The importance of social relations.
It doesn’t get emphasized by almost anyone in the [wellness] field, and it’s vastly the most important for longevity, for health, and for happiness. We’ve got tons of data. There’s more than 3 million people who’ve been studied on the relationship between loneliness, social isolation, and ill health.
If you look at the Harvard Study of Adult Development, which started in the late 1930s, the single most important predictor of a long, healthy life with the fewest comorbidities is the number and quality of your social relationships.
Overall, a professor at Brigham Young University has summarized that being socially isolated is ‘like smoking 15 cigarettes a day.’
Tell us about your last four rules.
The third one is stay mentally sharp. If the body’s working fine, but cognitive decline has set in, that would be hell to me. I don’t want to live like that.
There are only a few people like Ben Franklin where it does not appear to decline at all. One of the things actually I learned after I finished the book is Franklin was the oldest person (aged 81) at the Constitutional Convention in 1787. He was still very nimble with his mind, able to put things together, to craft compromises and things.
Some of it’s obviously genes, but some of it’s also things you can do — what you can eat, how you exercise, your retirement, your strategies, social interaction, challenges, etc. The brain is a lot like muscle in that either you use it or you lose it.
The last three rules are the typical: eating well, exercising, and sleeping advice.
Are there things that you’d want the media to emphasize more when talking about wellness and health?
There are two really fundamental things on the ‘to do’ side for eating.
One is you should eat more fermented foods. Whether it’s yogurt or cottage cheese or aged cheeses or kimchi. It’s very important for the microbiome. In Philadelphia, one of our treasures is Di Bruno Bros. cheese shop. They have 200 cheeses on display. Go and get some cheese. It’s really good.
The other is that more than 90% of Americans don’t get enough fiber in their diet every day. You need to eat more fruits and vegetables. I start out every day by merging these two. This morning, I had a bowl of berries, or some kind of fruit, with yogurt, granola, and oats. I also added hemp hearts, which are high in protein, good fats, omega-3s and omega-6s. Then add a salad at dinner, and you pretty much have enough fruits and vegetables.

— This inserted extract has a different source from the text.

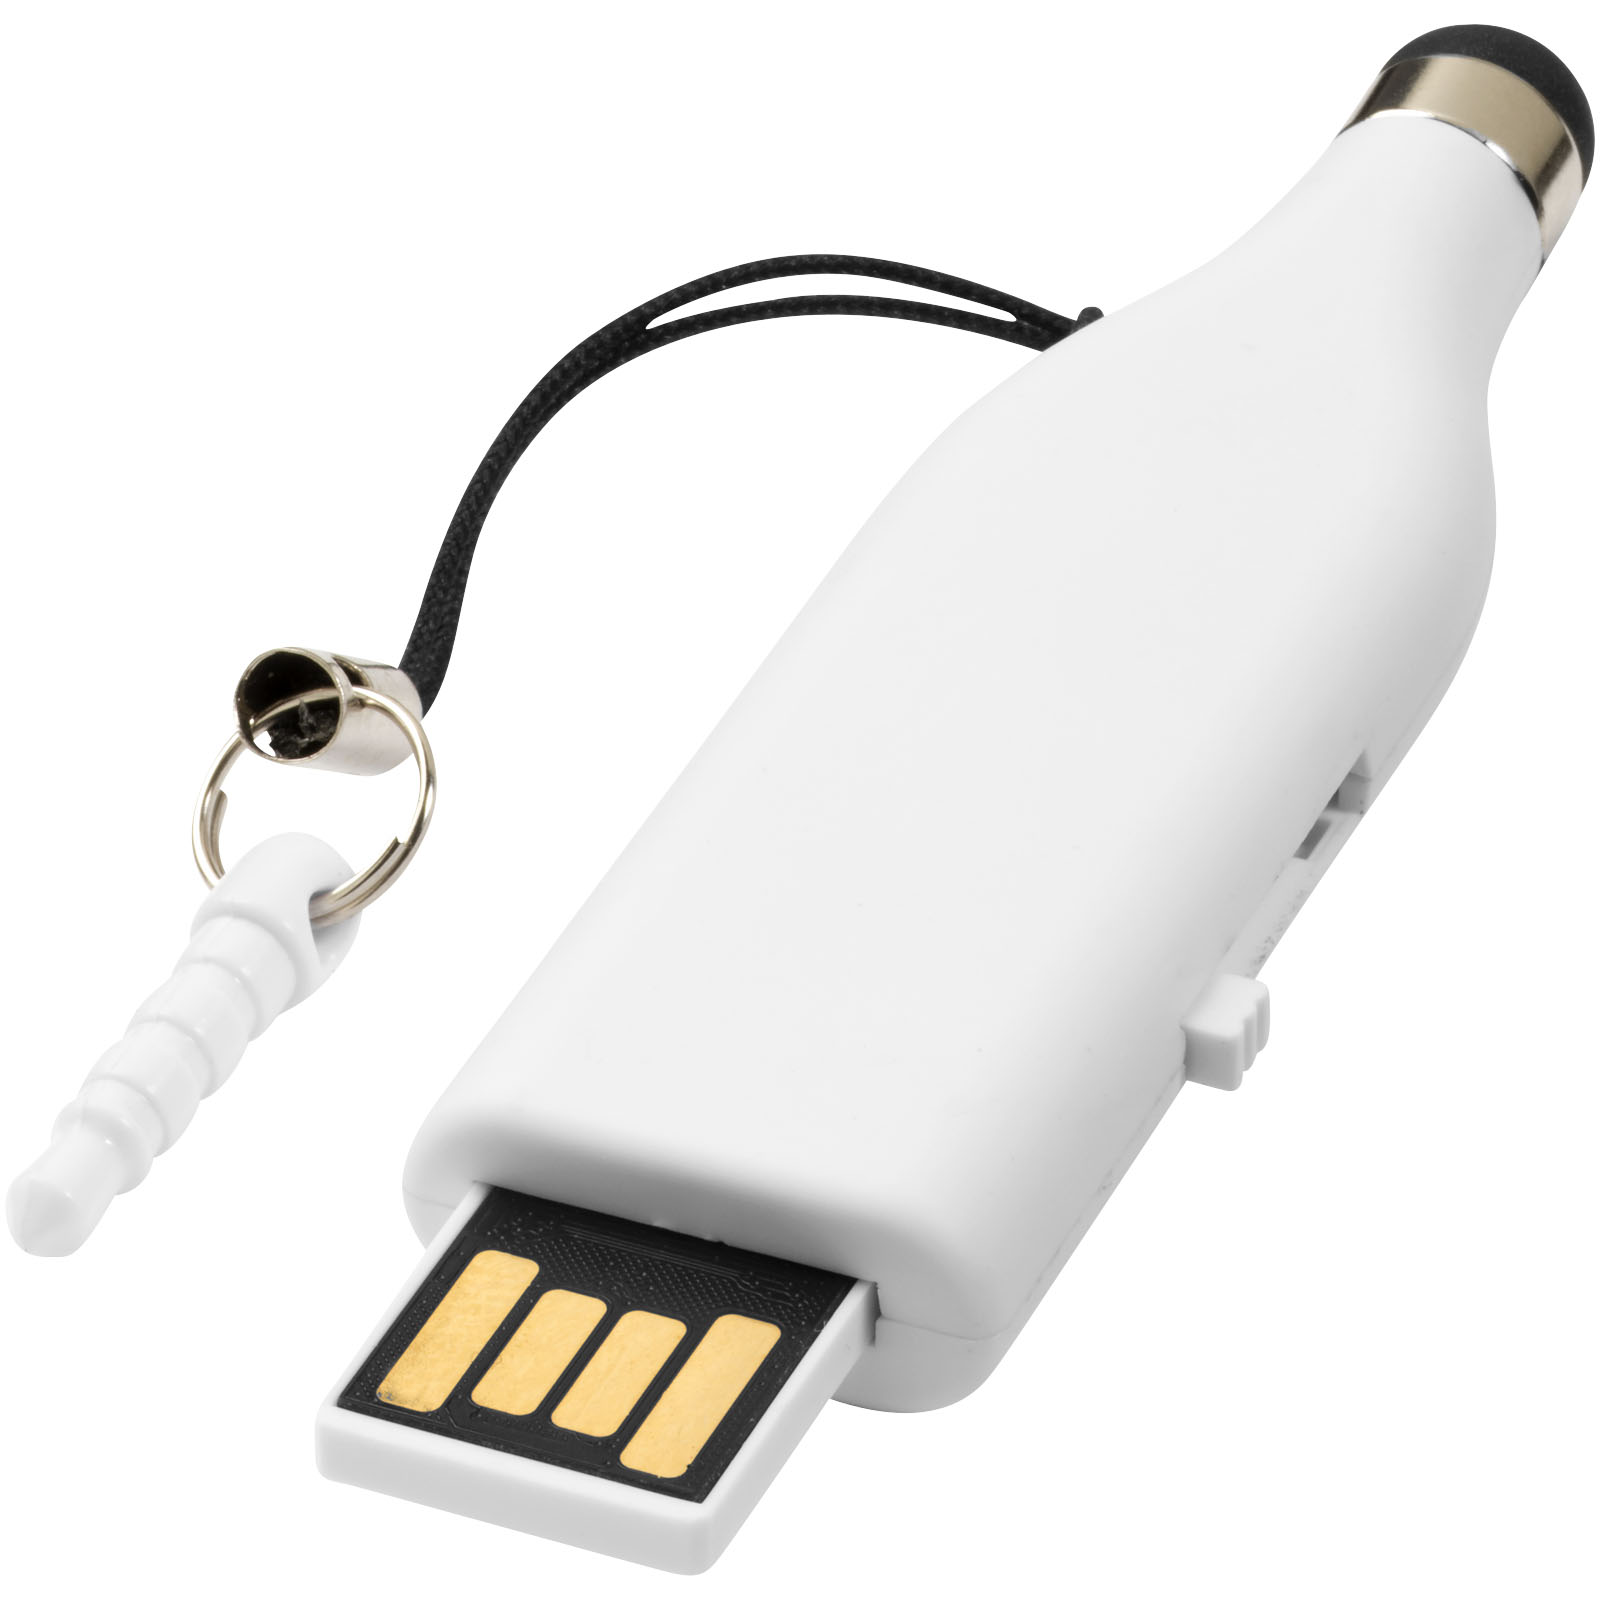 TouchPen USB - Certaldo

Can you explain the title of your book, “Eat Your Ice Cream"?
Ice cream is good. Dairy products are associated with higher height, especially if, early in life, you eat a lot of dairy. Second, [dairy consumption] is also associated with a lower risk of colorectal cancer, which is all in the news these days.
And most importantly, it’s about joy. It’s fun. Who doesn’t like ice cream? But it’s important to get good ice cream, not stuff with emulsifiers and fillers and all of that.
Have a little joy. It goes a long way toward making life lovely.